Confederation officially entered service on November 1, 1993, replacing two smaller ferries, the previous MV Confederation (1962) and MV Lord Selkirk (1958). In light of the announcement of the fixed link to Prince Edward Island around the same time of her introduction, plans to construct a sister ship were no longer considered viable due to a predicted reduction of traffic in the following years, leaving Confederation as a completely unique vessel.

In 2015, the original logos of Northumberland Ferries were removed from her hull and replaced with a redesigned logo, as well as the stripes running the length of her being repainted blue from their original red appearance.
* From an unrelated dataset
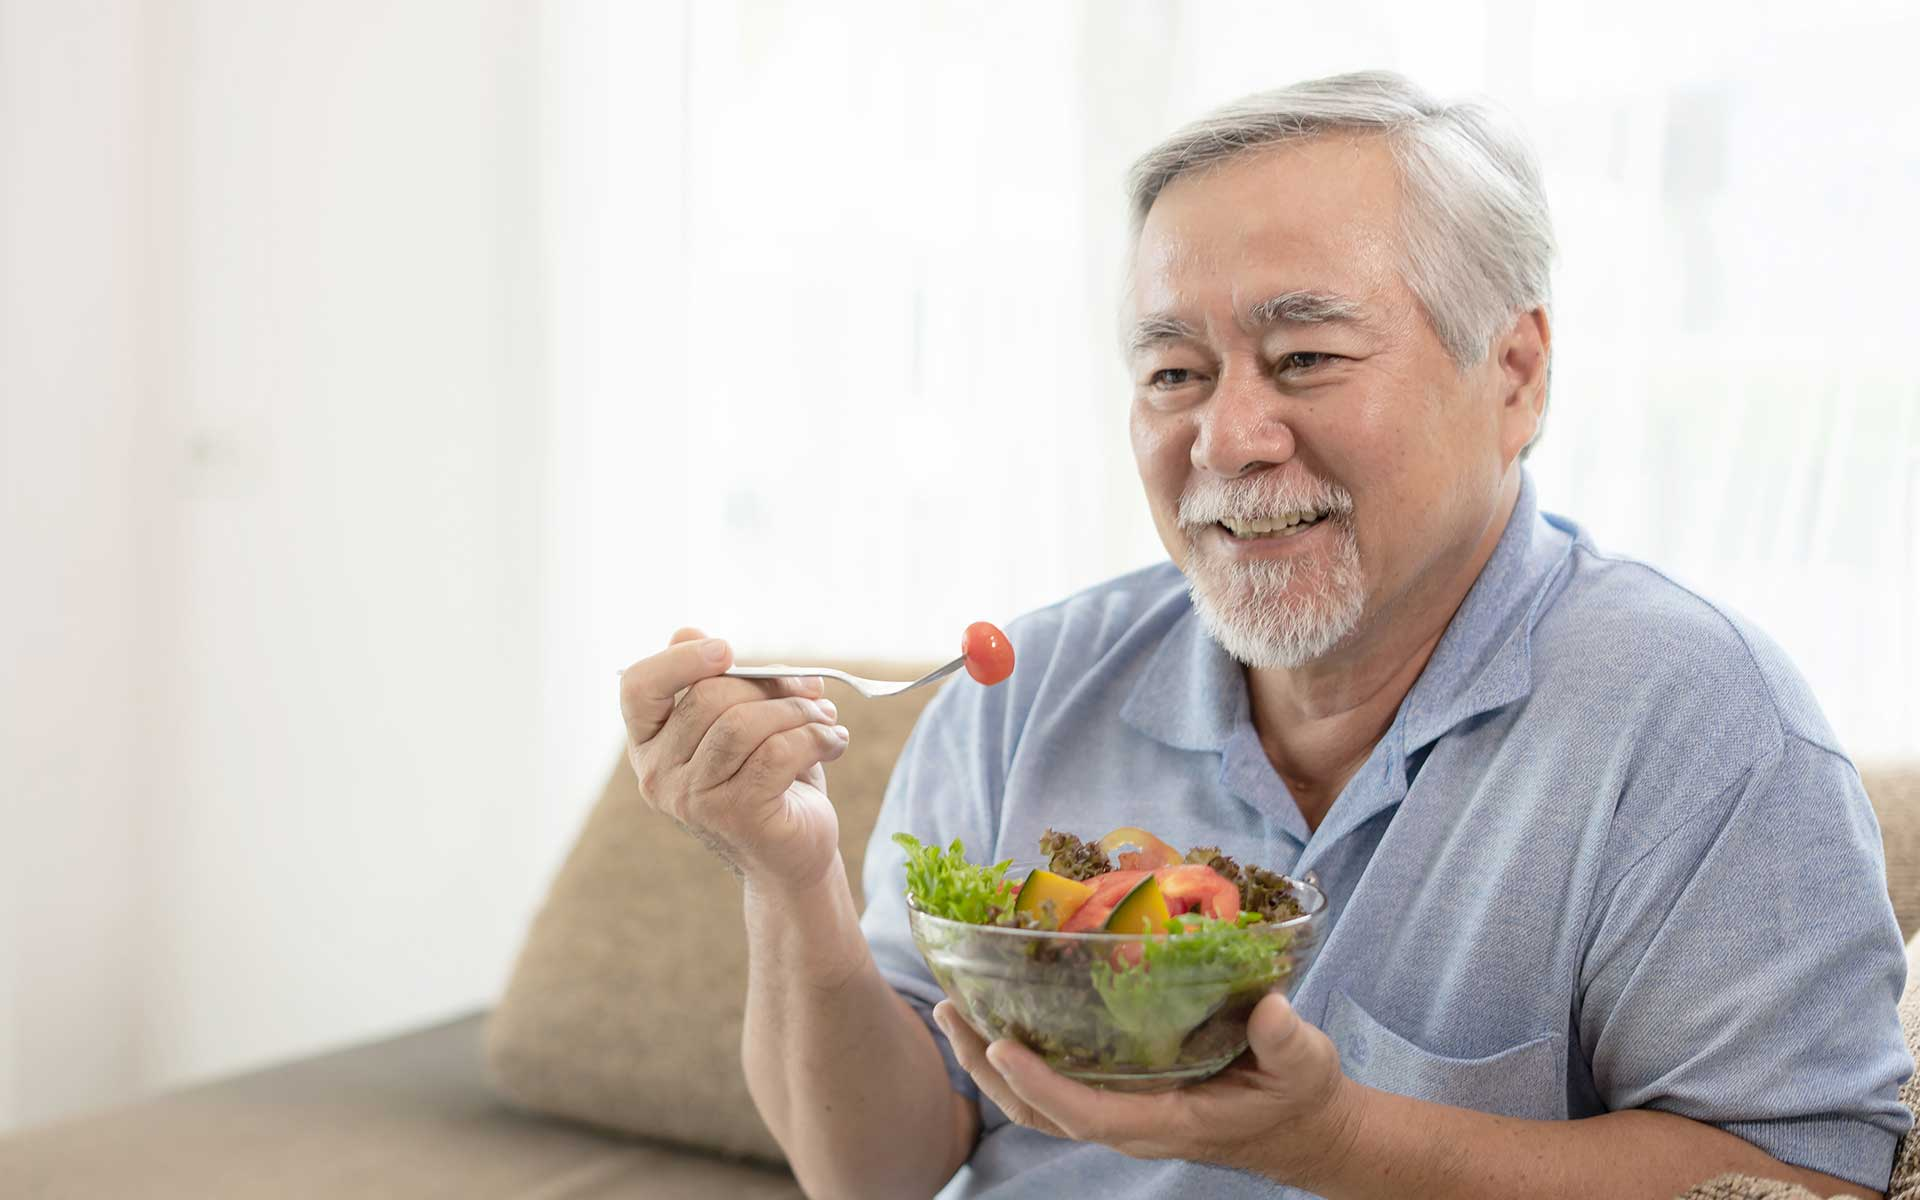 Stress prevention through a healthy diet

In 2016, the other vessel on the route, was out of service for an extended length of time undergoing major repairs and overhaul leaving Confederation alone on the ferry route for the prime summer months. Despite additional crossings scheduled for the vessel, local residents, the hospitality industry as a whole and commercial truckers protested as business suffered due to the reduction in service. Confederation was also out of service from 29 September to 2 October that year due to an electrical problem.

In September 2024, Confederation collided with her berth at Wood Islands. While a mechanical issue was initially suspected as the cause, NFL later confirmed that was not the case. The collision damaged Confederations bow visor heavily, resulting in the need to turn the vessel and all vehicles having to be backed off. Confederation returned to service in early December 2024.